If the public schools were performing excellently, if the wide racial achievement gap was narrowing, if all children were being prepared for a prosperous future, the extension of the current system would be a no brainer.

 

But more than 15 years of mayoral control, under Mayors Bloomberg and De Blasio, have failed to deliver substantial improvements in student performance.  According to 2019 State Education Department statistics, barely 1 in 3 Brown or Black students are proficient in either math or English.  Civics, art, athletics, science have been reduced or removed.

 

Governor Cuomo has floated the idea of a three year extension.  This will probably be the point of agreement between the Governor, Senate Majority Leader Andrea Stewart-Cousins, and Assembly Speaker Carl Heastie.  Lame duck Mayor De Blasio has supported the three-year timeframe.

 

Interested “bystanders” include students, parents, the public at large, unions representing teachers and school administrators.  They will all try to influence the outcome of this process.  

 

The system of mayoral control began under the Bloomberg administration.
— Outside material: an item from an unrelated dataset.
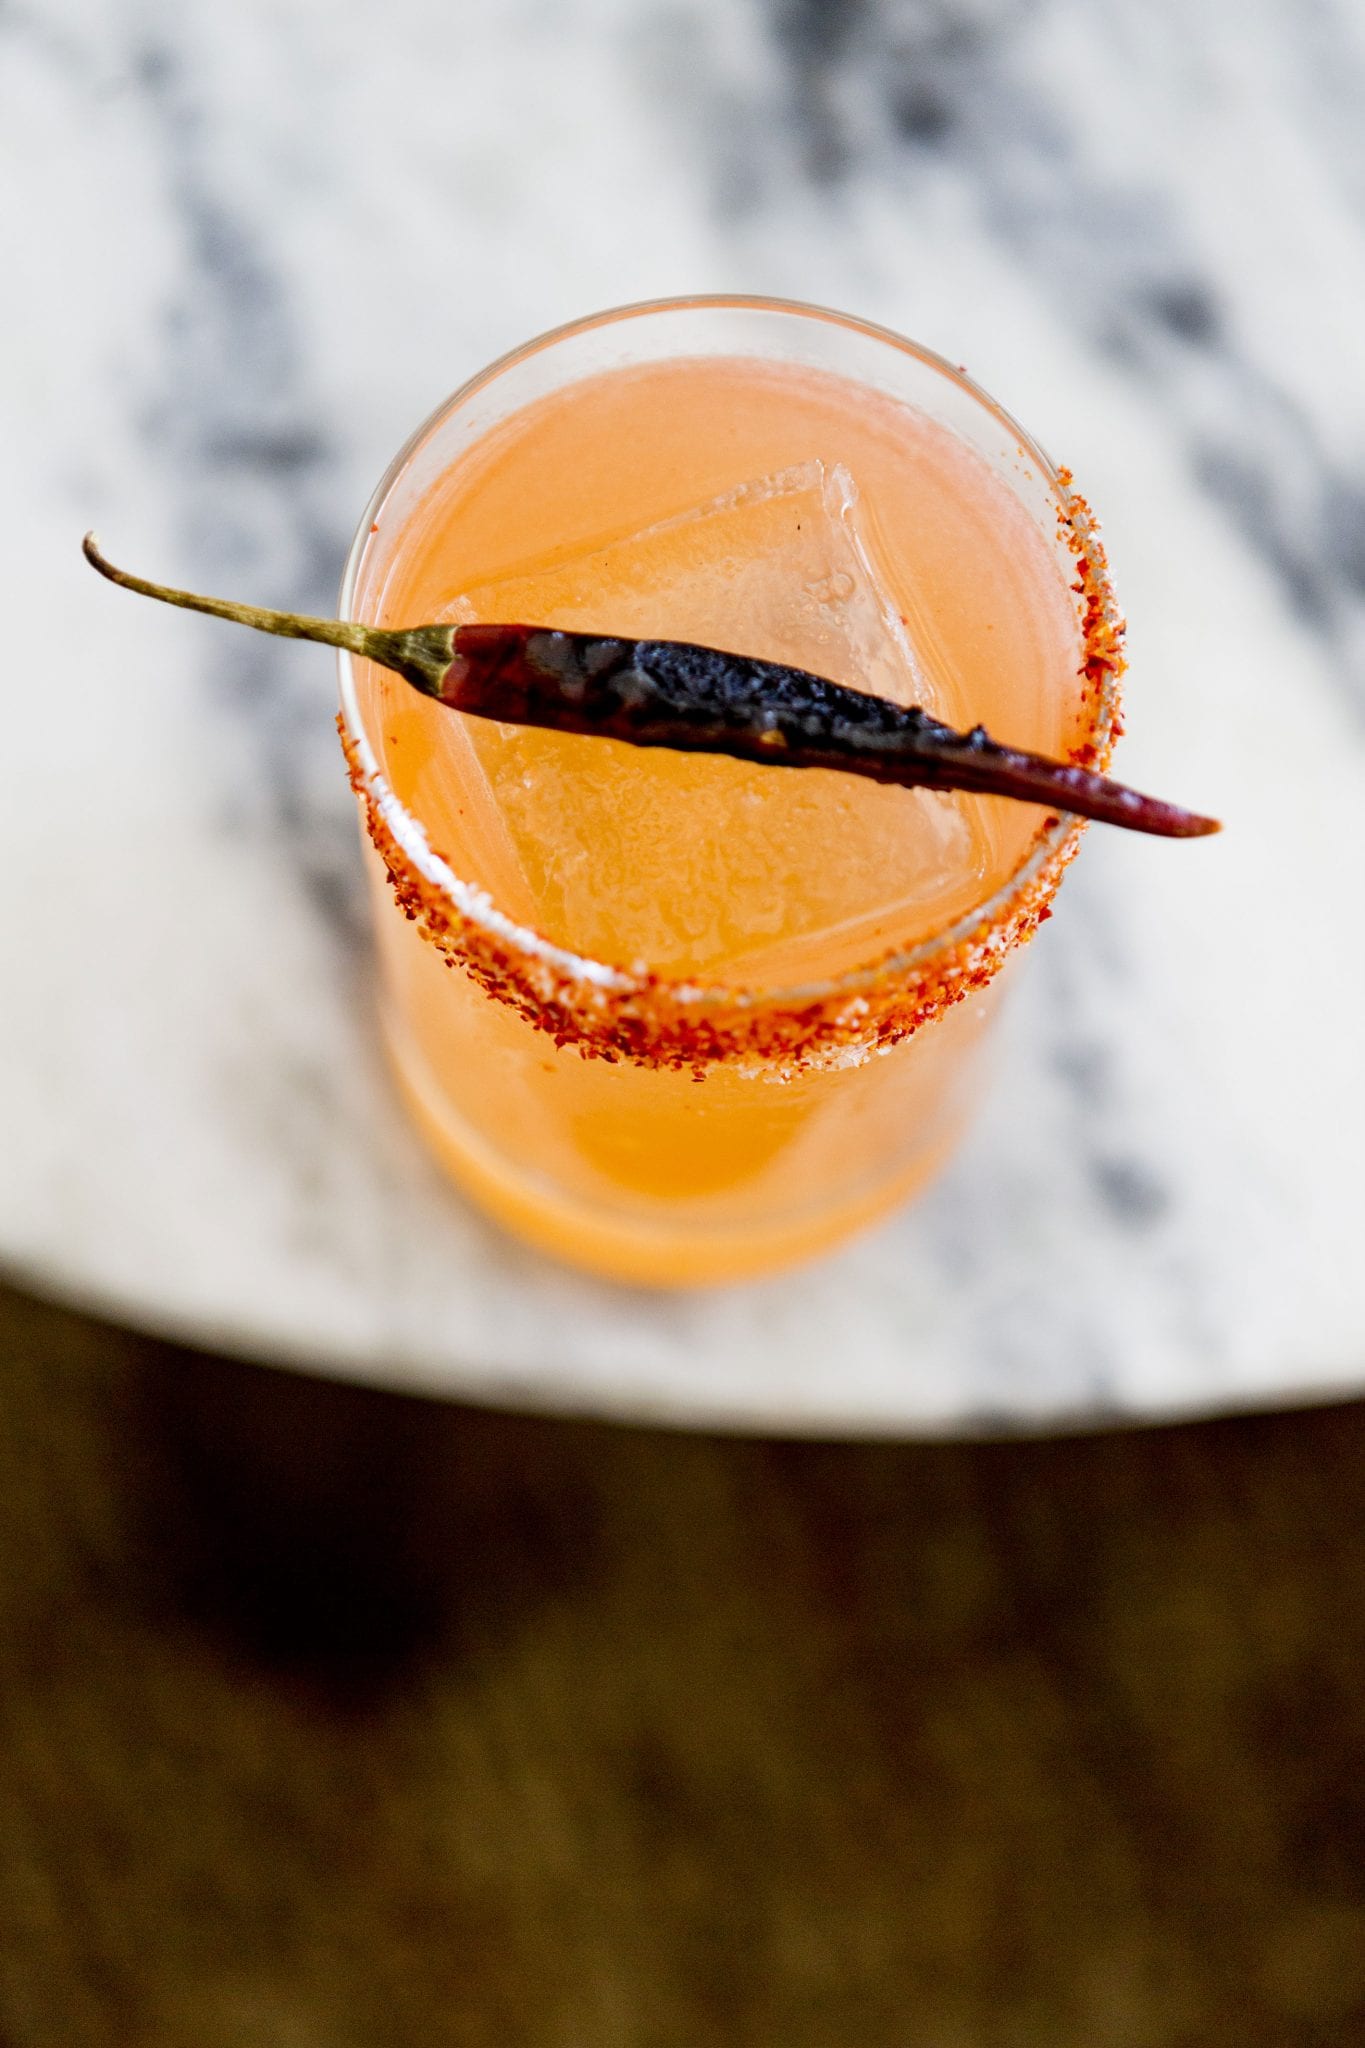 overhead view of cocktail with chilli on rim and grilled chilli pepper resting on rim of glass
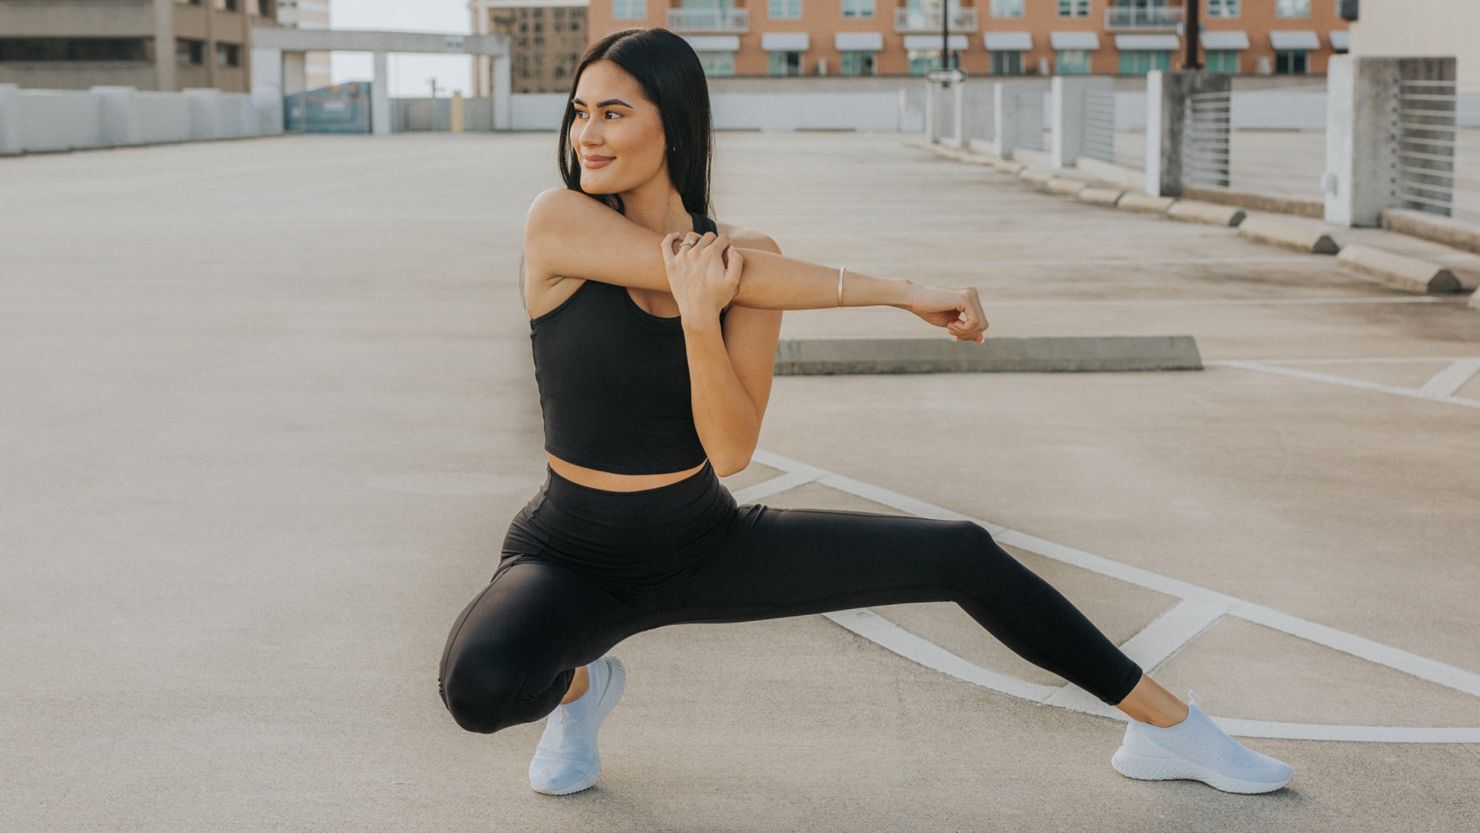 Colorfulkoala Leggings Are the Next Big Thing in Activewear

He pushed an agenda that included high stakes testing, union busting, charter school proliferation, and an unwillingness to appoint professional educators to run the system.  The worst of his many bad decisions was the hiring of Cathleen “Cathie” Black, the clueless media executive with no experience, certainly no expertise, in education.  She was unqualified to be a teacher, much less a Chancellor.

 

She lasted only three months before repeated off the cuff, off color comments exposed her contempt for the parents and students she was supposed to serve.

 

Most public school systems, including all of the more effective ones, have checks and balances that would have prevented serious consideration of such a candidate for Chancellor.  An elected, or even an appointed School Board would have had enough independence to block such a hire.

 

But under mayoral control, there are no structures to prevent the politically-inspired missteps of a politician who dreams of being President (both Bloomberg and De Blasio shared this overestimation of their abilities.).  New York's old Board of Education was highly flawed, but it would clearly have prevented the Cathie Black fiasco. 

 

DeBlasio has been less successful in Albany, getting only short term extensions of the control system.   He has been more supportive of the UFT, less supportive of standardized testing and non-educator business persons as chancellors.  Like Bloomberg, he ignored what was effectively a “push out” policy for staff persons of color. Parent and student involvement was minimal.

 

Apathy is the key to the renewal of mayoral control.  New York state has more than 600 local school districts.  None of the others - including all the higher performing districts - have unrestrained mayoral control as in New York City. If the structure delivered better results, it could be justified.  But clearly it does not.  What rational community would leave educational decision making exclusively in the hands of a single politician?

 

If mayoral control is a success, why not extend it statewide?  If it's not working, why extend this obstacle to achievement and equity?